There was general public outrage at the YouTube videos and
at the related news photos and there were calls for the chancellor of UC-Davis
to resign. She didn’t. As is often done
to defuse such situations, a commission was set up to study the event with the
benefit of hindsight and make an evaluation and recommendations. There was some delay in releasing the
resulting commission report because of objections by the police union to the
naming specific officers (other than the pepper-spray cop whose name was
already public). In the end, after some
litigation, the report was recently released with police officer names removed.(4)
The study commission was chaired by a former justice of the
California state supreme court and had representation from university
administration officials and from students.
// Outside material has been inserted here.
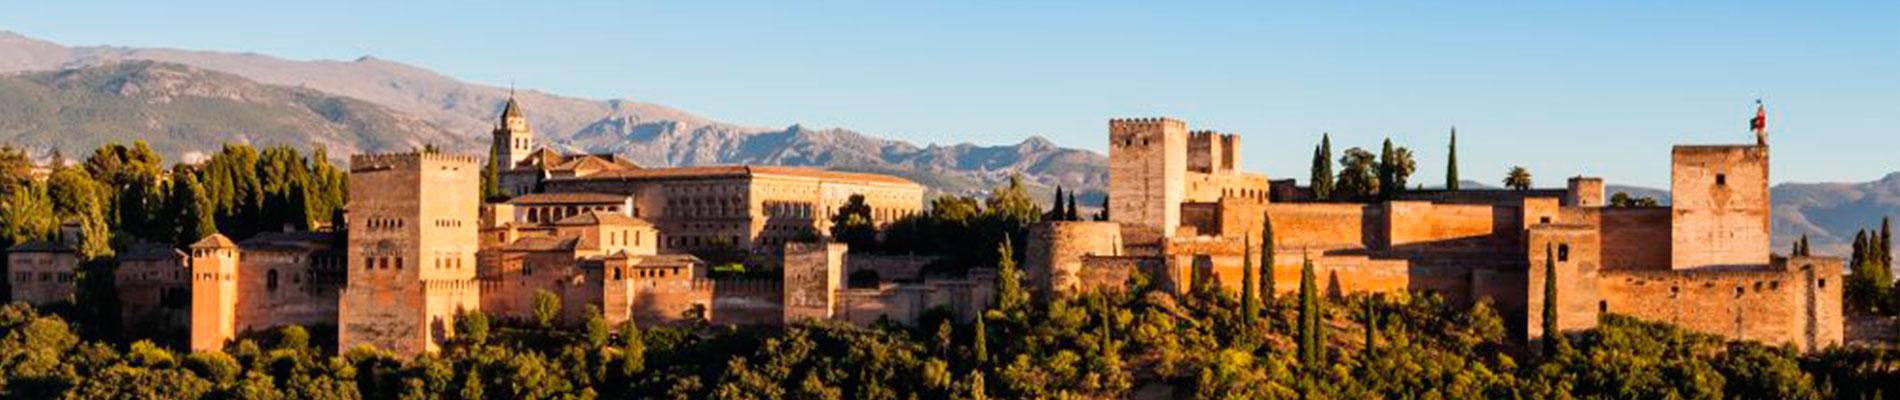 granada-alhambra-palace-st

Much of the actual investigation was undertaken by Kroll, a consulting
company specializing in police and security matters. The supplementary Kroll report was quite
lengthy and includes a very detailed chronicling of the events and of who said
what to whom in university and police leadership circles prior to, during, and
after the pepper-spray incident.
I will provide a few highlights of the commission’s report
but like all reports that benefit from hindsight, it also has the drawbacks of
hindsight. The logical progression of
events recounted and the failings described were much clearer after the events
than they were to the people involved in real time. Although the report says the chancellor is
ultimately responsible, much of the blame is laid on the police chief (who unlike
the chancellor did resign subsequently). Officers under the chief did not seem
to respond to her commands and in any case exactly what she wanted from them
was not always clear. She also is
portrayed as not making higher-ups in the UC-Davis administration aware of her
concerns about how the demonstrators should be handled. No one, including the police, could identify
what law demonstrators were violating, if any.
The higher-ups above the police, including the chancellor,
were concerned that non-students had, or soon would, infiltrate the student
demonstrators who had set up tents on campus and provoke violence. At some point, the higher-ups became deaf to
suggestions that there might not be such outsiders present among the
demonstrators. Apparently, top
university administrators were concerned that violent events such as had
occurred in Occupy demonstrations in nearby Oakland could occur on their campus. Should that situation arise, they would be
held accountable to parents of students who might be injured. They also did not want to have a repeat of an
incident that occurred at UC-Berkeley in which campus police batons were used
on demonstrators. A form of groupthink
appeared to characterize the deliberations of the higher-ups at UC-Davis whose
consultations with each other were ad hoc
and informal. The upshot was that the chancellor – apparently fearing
outside infiltration and Oakland/Berkeley-style violence – ordered that the
demonstrators be cleared in mid-afternoon rather than in the wee hours of the
morning as the police chief had advised (but not very forcefully). In that
context, the pepper-spray cop seemingly made up his own rules of crowd control
and utilized a form of pepper spray he was not authorized to have and for which
he was not trained to use. Since the report is available on line, I won’t go
further with the description of its findings.
But I will make the following observations.
The report does not go into why there might be a police
chief on a university campus who in the commission’s view was evidently not
competent. How did a person who is portrayed not up to the job obtain the position
initially and then remain in it until something untoward happened? On the other hand, the report refers to the
various UC-Davis administrators repeatedly as a “Leadership Team” dealing with
how to handle the demonstration. Given
the report’s description of what occurred, “Leadership Team” seems to be an
overly-formal appellation for a group of individuals who were only in loose
contact and probably did not think of themselves as a “team” that had been
formed to deal with a potential incident.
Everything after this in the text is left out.